Beyond Prompting: Building a 4-Stage LLM Compiler with Surgical Self-Repair

#ai #docker #fastapi #llm

A single prompt often yields inconsistent, unvalidated AI output. To fix this, I built Compyl a multi-stage LLM compiler that inputs english words converting them into directly usable JSON blueprint.
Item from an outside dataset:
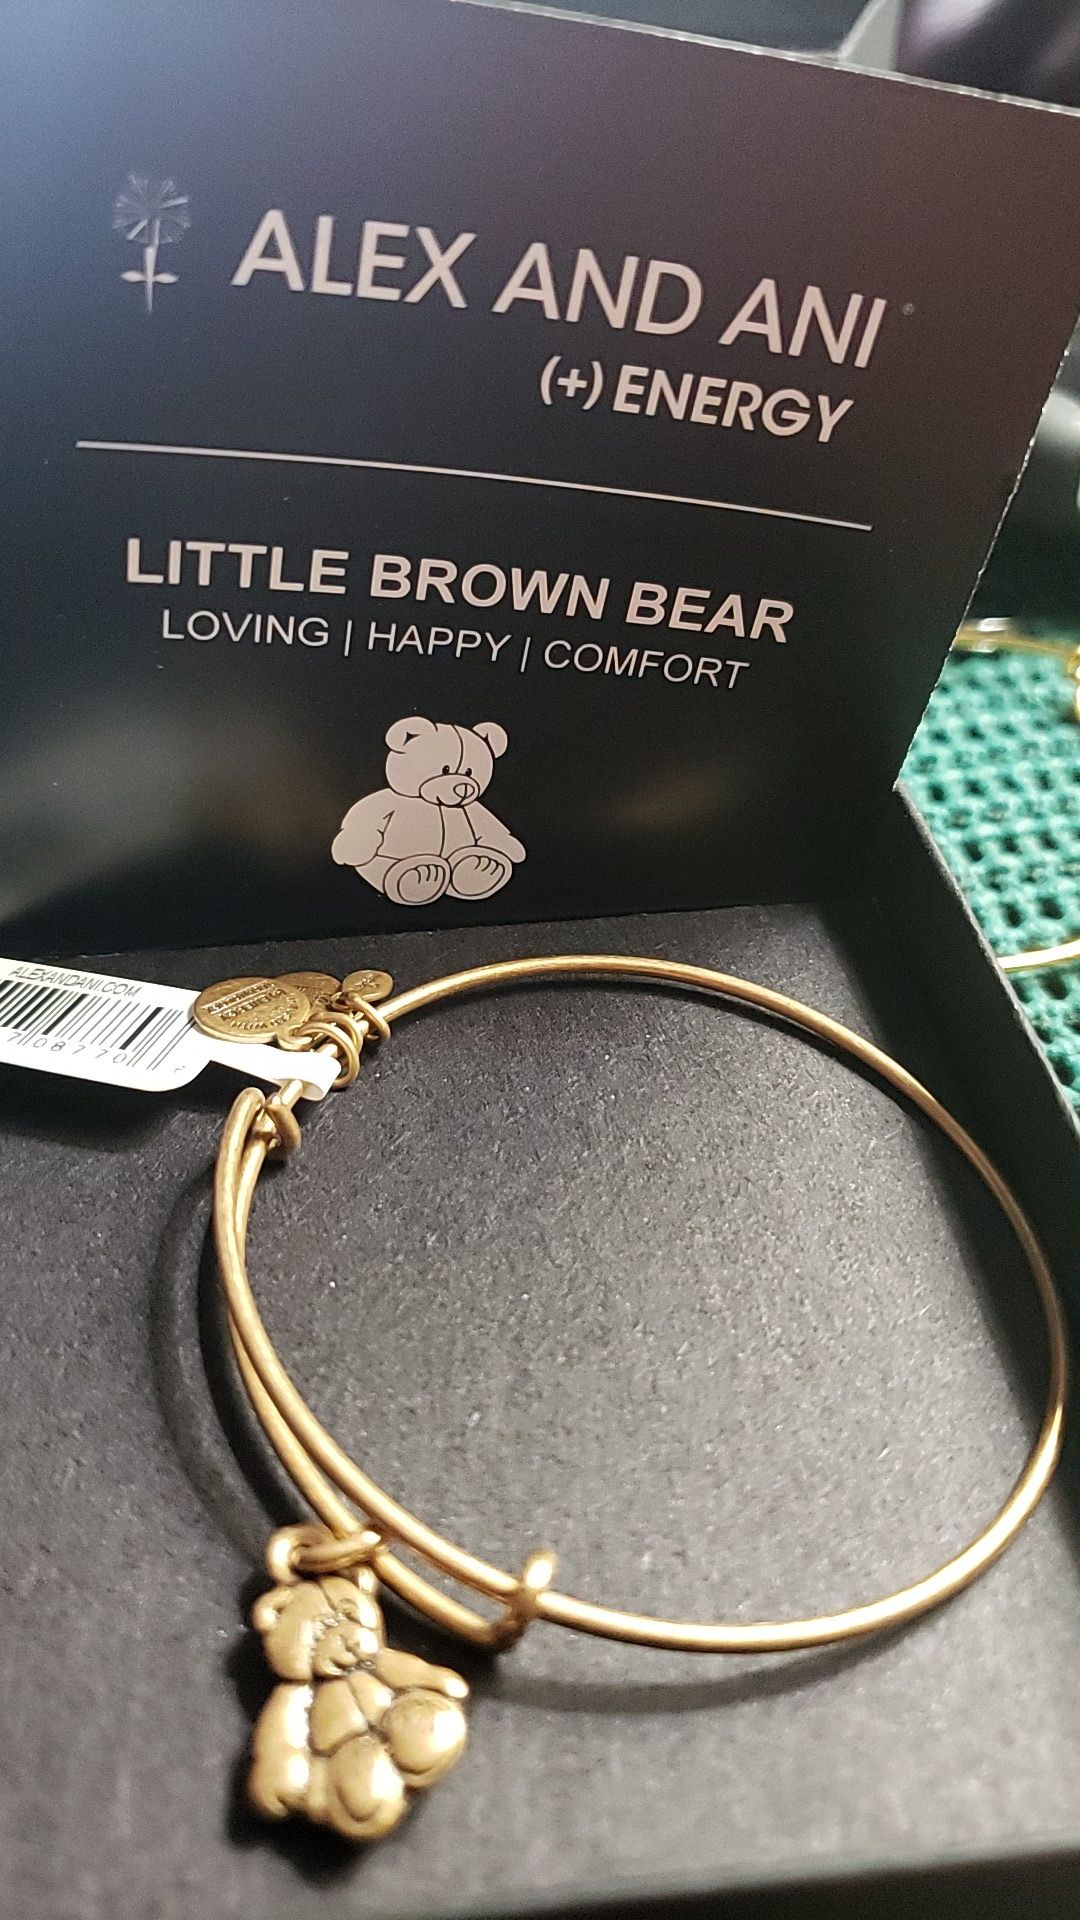 Alex and Ani Little Brown Bear bracelet

Compyl converts plain English into a complete, validated, machine-readable JSON blueprint (UI schema, API schema, DB schema, and authentication rules) directly usable to power a working application.

The Input: "Build a CRM with login, contacts, dashboard, role-based access, and payments. Admins can see analytics."
The Output: A fully synchronized JSON blueprint spanning all four layers.

Why Multi-Stage?

I wanted to break the workflow in modules, for better understanding and error checking:

Stage	Name	Purpose
Stage 1	Lexer	Parses raw input into structured tokens (entities, roles, features).
Stage 2	Parser	Builds the application architecture from those tokens.
Stage 3	Code Gen	Emits four synchronized schemas.
Stage 4	Linter/Repair	Catches and repairs cross-layer inconsistencies.

Each stage is a separate Groq API call with its own system prompt, Pydantic output schema, and retry logic.

The Secret Sauce: Surgical Validation + Repair

This is what separates Compyl from a glorified wrapper. After generation, four strict cross-layer dependency checks run automatically:

UI ↔️ API: Every UI component must map to a real API endpoint.
API ↔️ DB: Every API endpoint must have a matching DB table.
UI ↔️ Auth: Every route used in auth rules must exist in the UI schema.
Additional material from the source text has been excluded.